Und doch war alles falsch! Obwohl der Talbewohner imstande sein mochte, standzuhalten, die Wahrheit über sich selbst hinzunehmen und das Geheimnis des Schwertes zu erkennen, war er noch immer nicht bereit, den Talisman auf die richtige Weise gegen den Dämonen-Lord einzusetzen. Es würde ihm nicht die Zeit bleiben, die notwendige Zuversicht zu gewinnen, solange er allein und ohne Hilfe war, des Wissens entblößt, das nur Allanon ihm vermitteln konnte. Er würde erfüllt sein von Selbstzweifeln, zerrissen von Angst, eine leichte Beute für Brona. Schon konnte der Druide das Erwachen des Feindes spüren. Der Schwarze Lord begann mit dem Abstieg von seinem Felsrefugium, voll Zu versicht, dass der Träger des Schwertes blind war für die ganze Macht des Talismans. Seine Attacke würde blitzschnell und rücksichtslos erfolgen, und Shea würde vernichtet sein, bevor er lernen konnte, zu überleben.
Nur kurze Minuten blieben noch bis zur Konfrontation, und Allanon wusste, dass er niemals mehr rechtzeitig zur Stelle sein konnte. Er hatte schließlich eingesehen, dass Shea und das Schwert von Shannara nach Norden geraten sein mussten. Die anderen in Callahorn zurücklassend, war er dem Talbewohner nachgeeilt, um ihm zur Seite zu stehen. Aber es war zu schnell gegangen. Nun gab es nur noch eine einzige Chance für ihn, Shea von Nutzen zu sein - eine ganz geringe -, und er war immer noch zu weit entfernt. Der Druide raffte seine Gewänder zusammen und eilte den Hang hinunter, mit den Füßen kleine Staubwolken aufwirbelnd, das Gesicht angespannt vor Entschlossenheit.
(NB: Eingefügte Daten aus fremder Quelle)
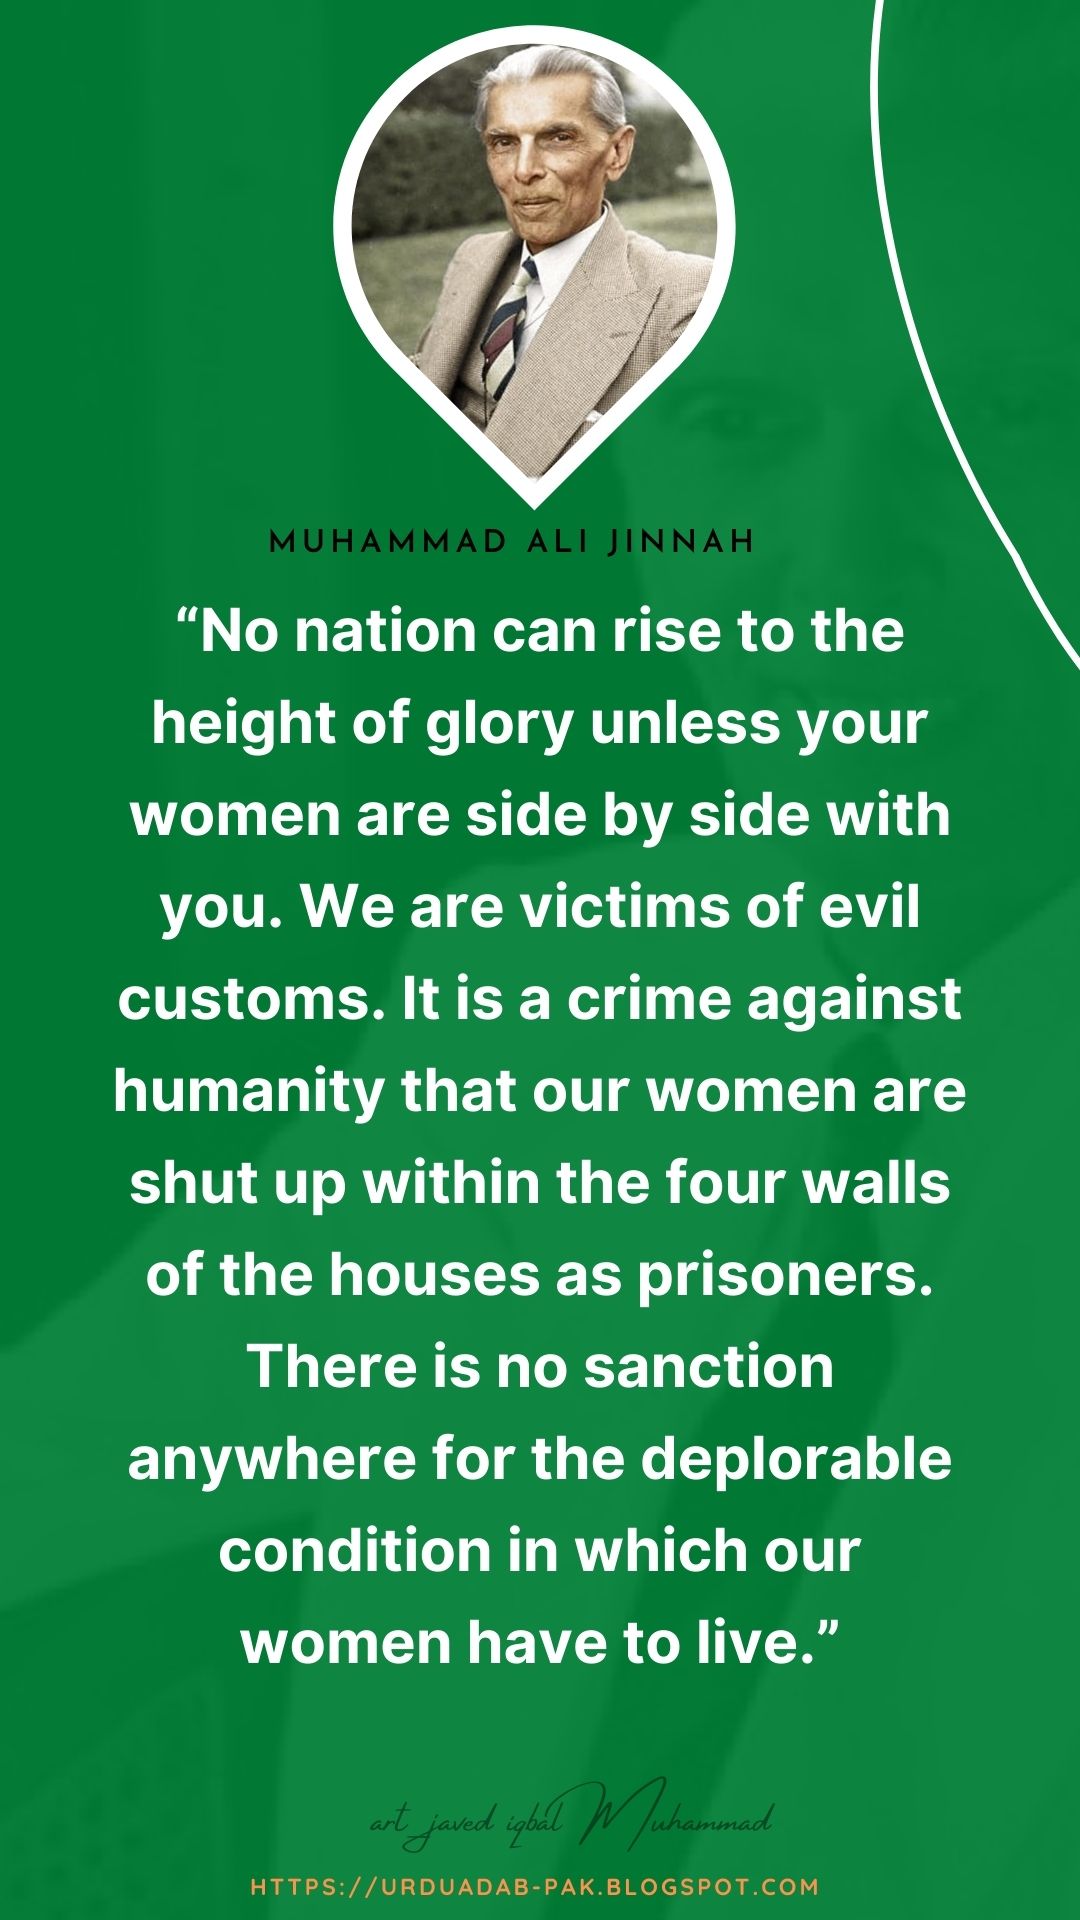 Best Muhammad Ali Jinnah Quotes | Quaid e Azam Muhammad Ali Jinnah Quotes | Muhammad Ali Jinnah WhatsApp status

Panamon Creel wollte vortreten, als Shea auf ein Knie sank, aber Keltsets mächtiger Arm hielt ihn zurück. Der Troll hatte sich nach dem Höhleneingang umgedreht und lauschte. Panamon konnte nichts hören, aber plötzlich stiegen Angst und Entsetzen in ihm hoch. Er erstarrte. Keltsets Augen bewegten sich, als folgten sie einer Erscheinung im Korridor, der zur Zelle führte, und Panamons Furcht wurde größer.